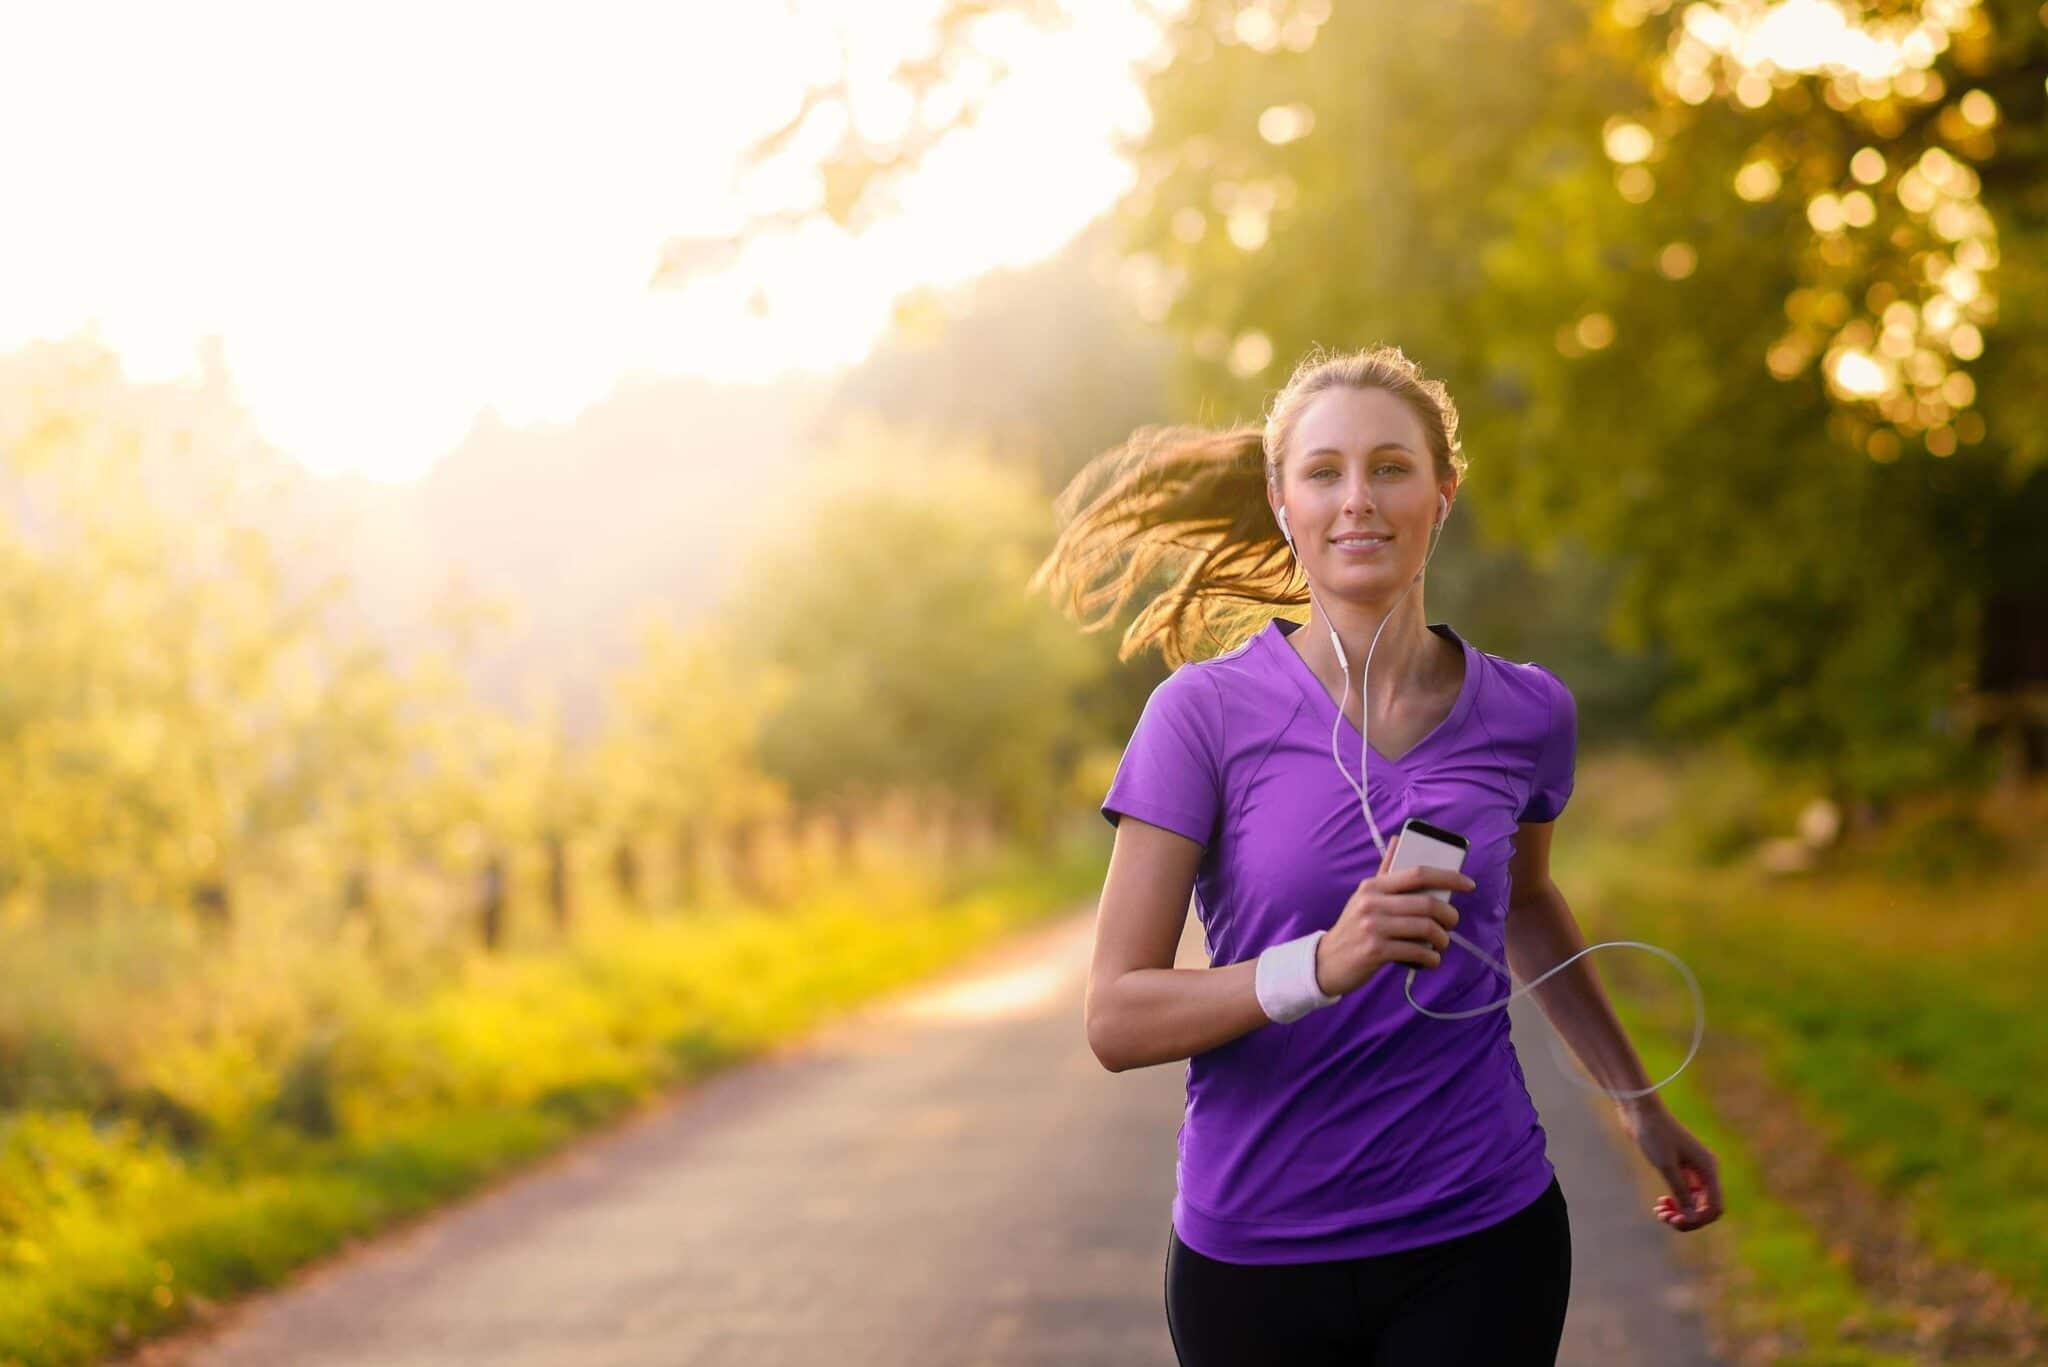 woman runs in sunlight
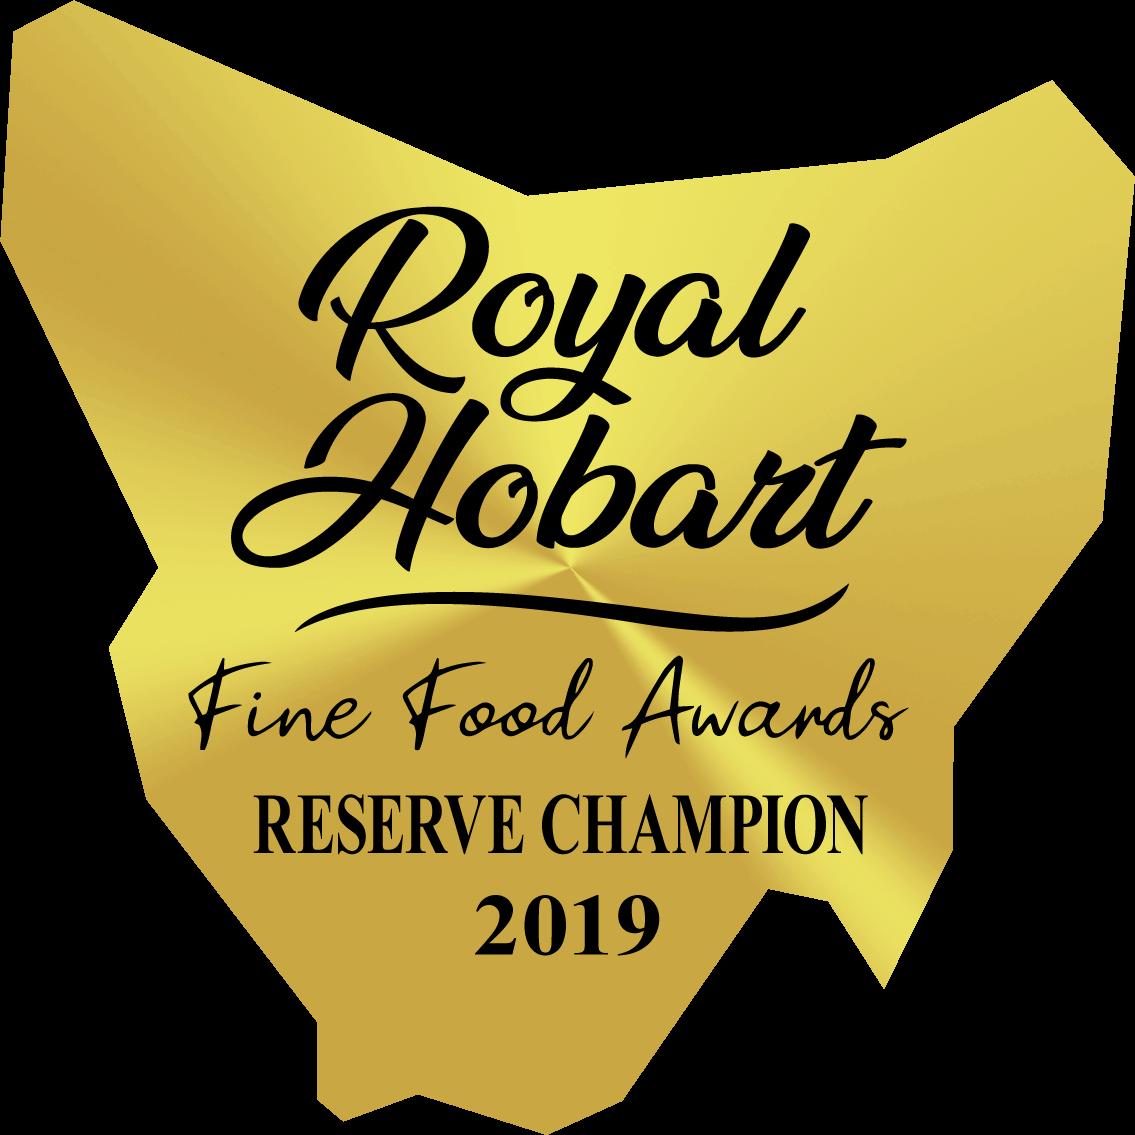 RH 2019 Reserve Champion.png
==
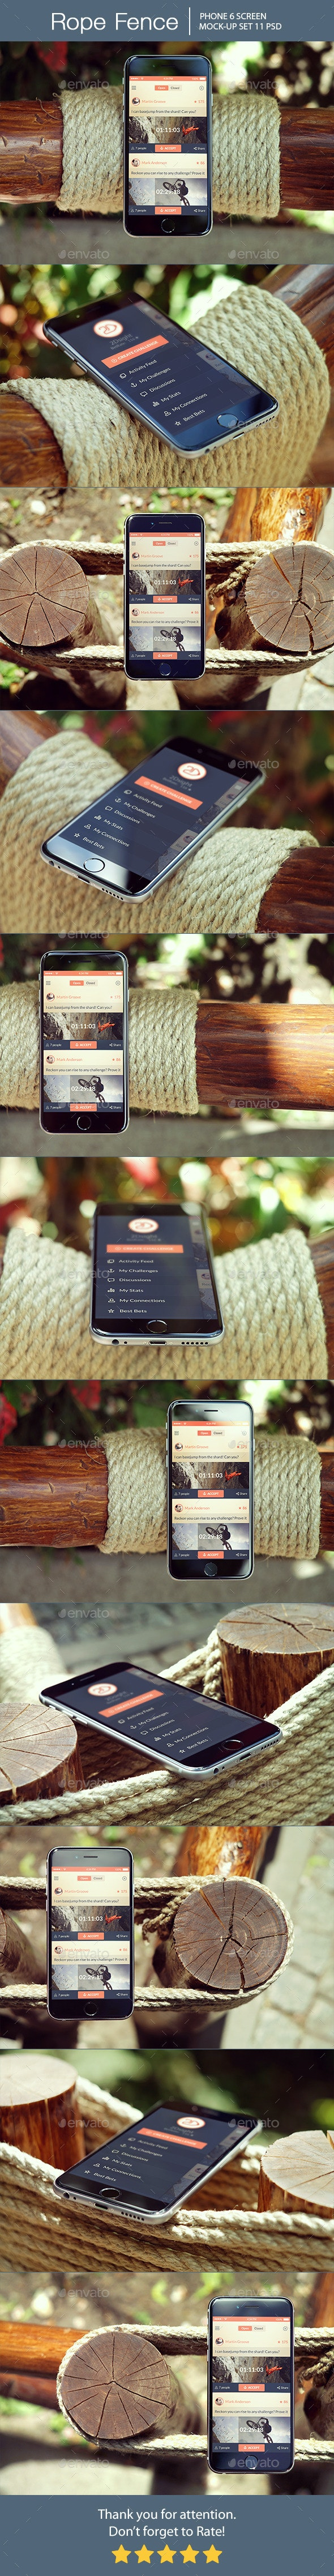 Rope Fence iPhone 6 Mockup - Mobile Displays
---
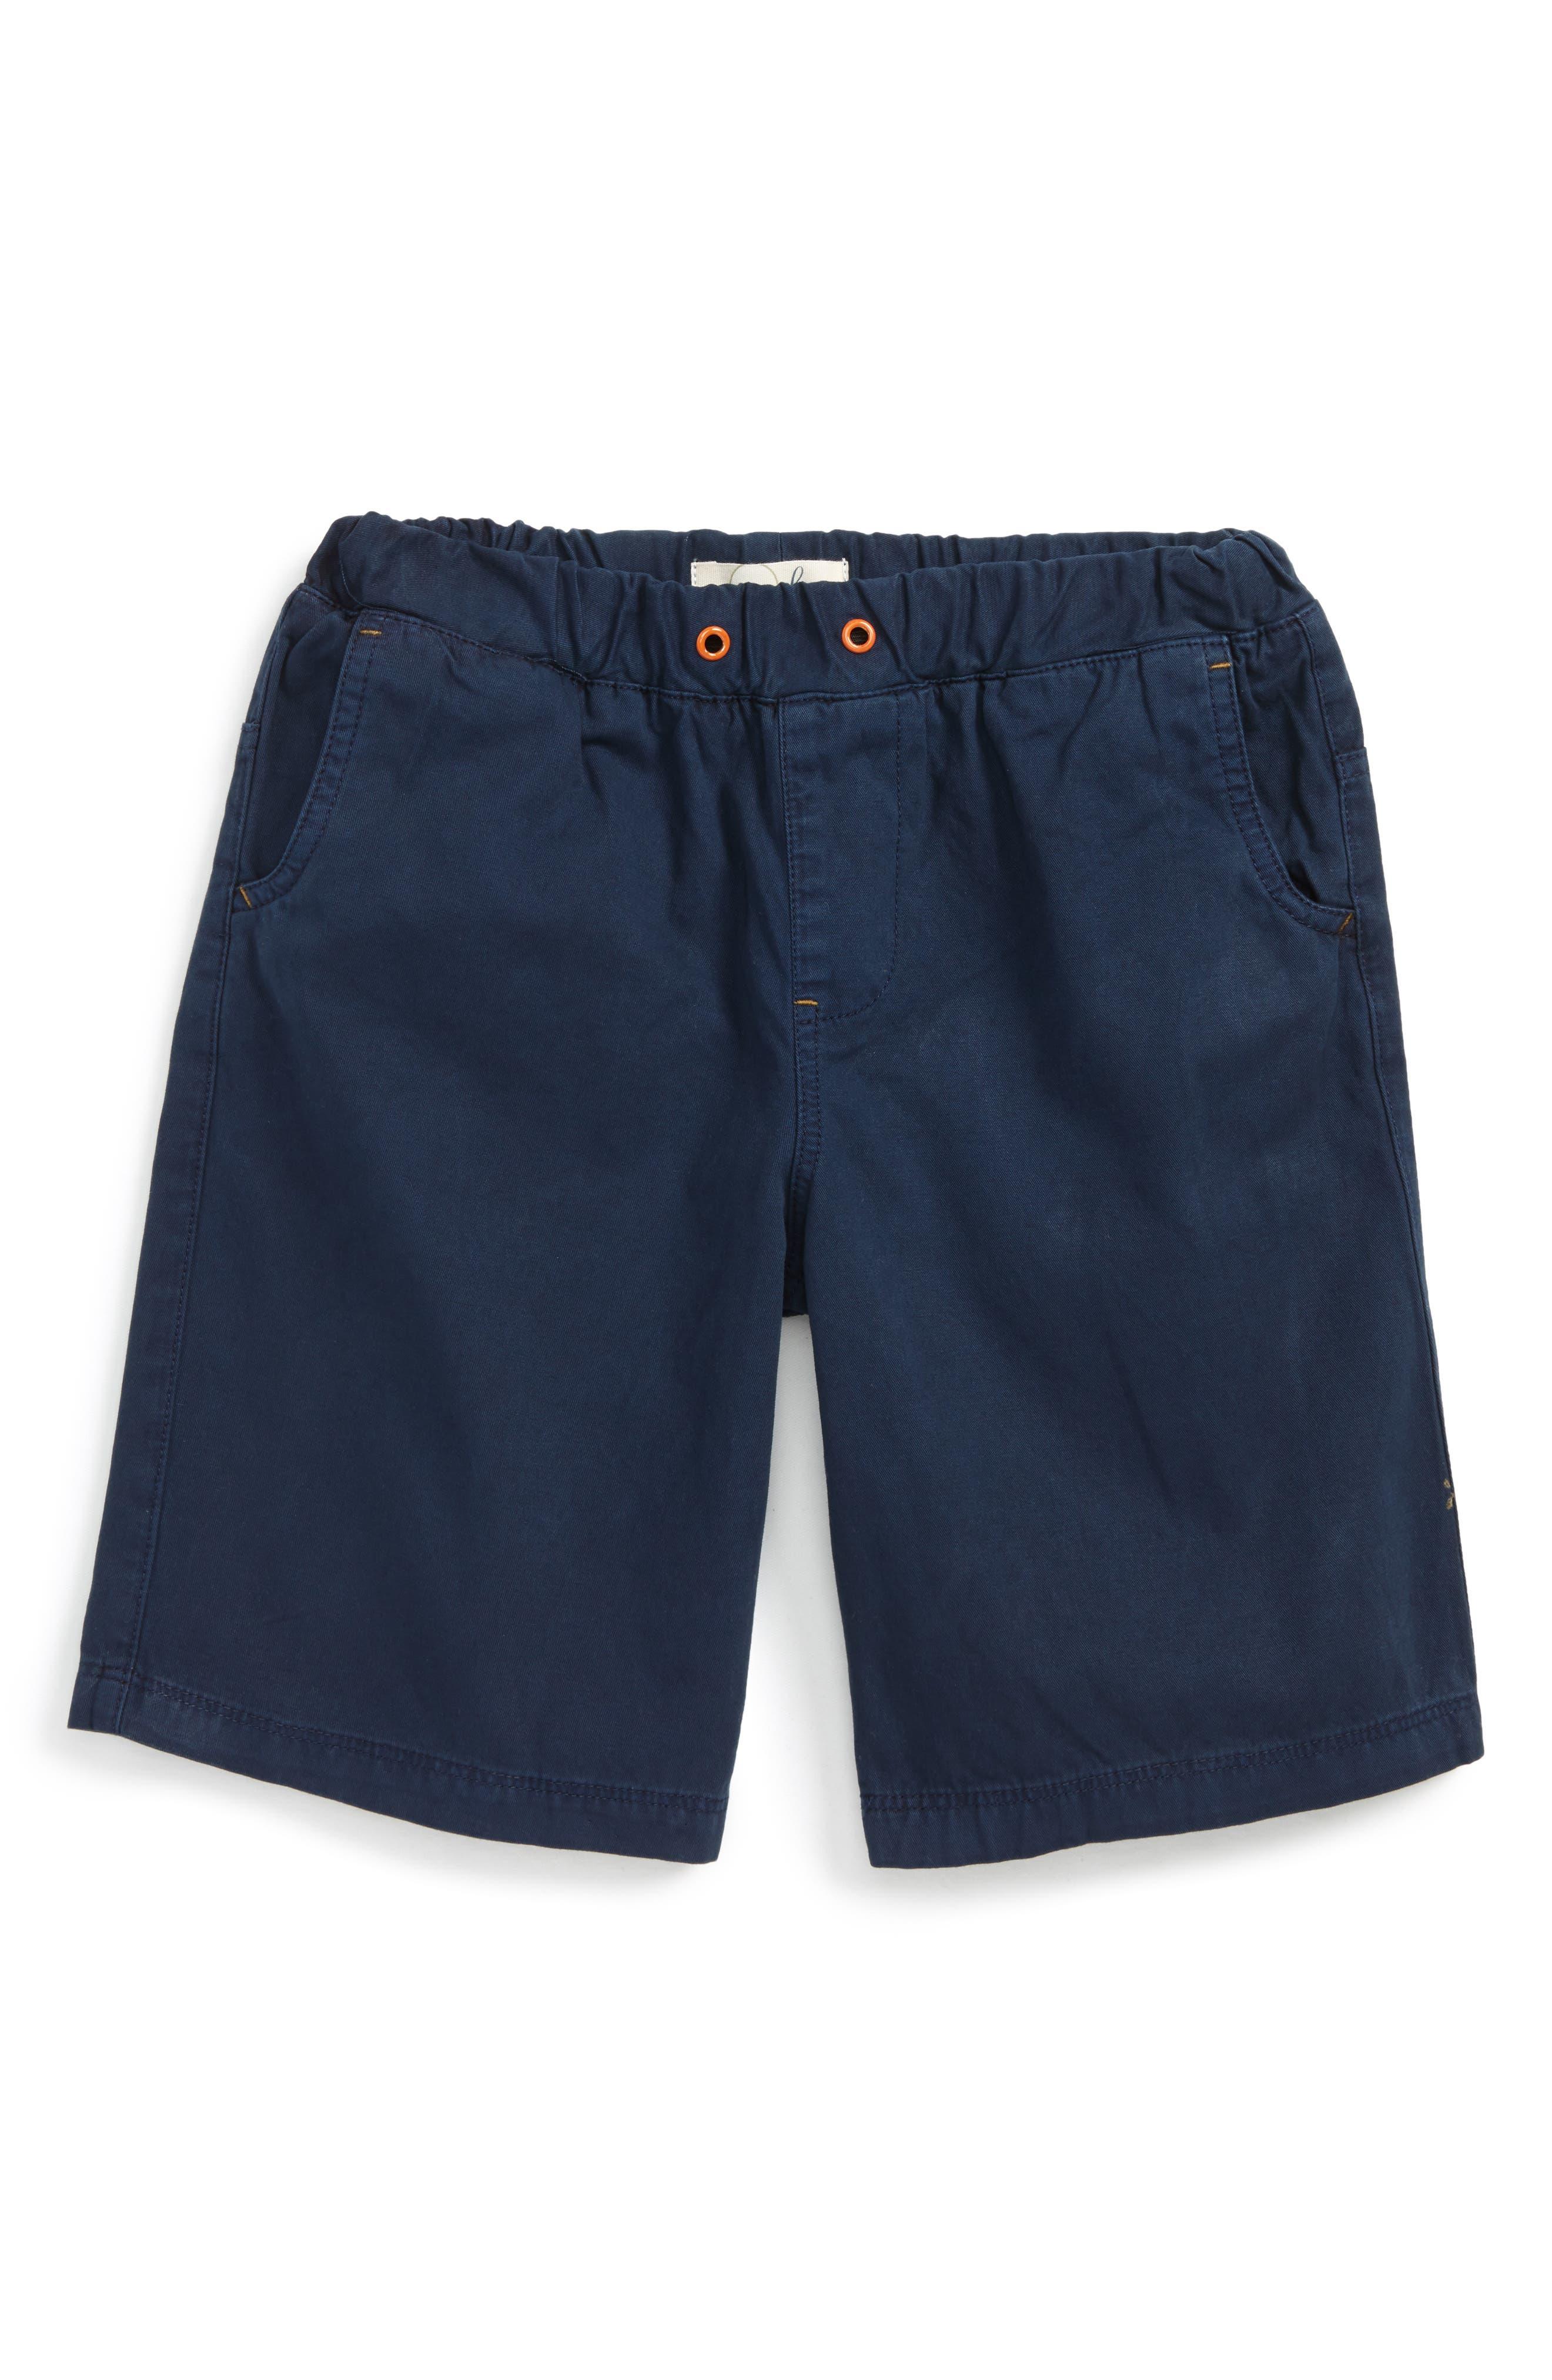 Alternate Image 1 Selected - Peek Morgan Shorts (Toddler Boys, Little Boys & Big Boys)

▸ Required action
No picture is to be printed. Output exactly the lines above from the line containing "woman runs in sunlight" through the line containing "RH 2019 Reserve Champion.png".

▸ Your solution
 woman runs in sunlight
 RH 2019 Reserve Champion.png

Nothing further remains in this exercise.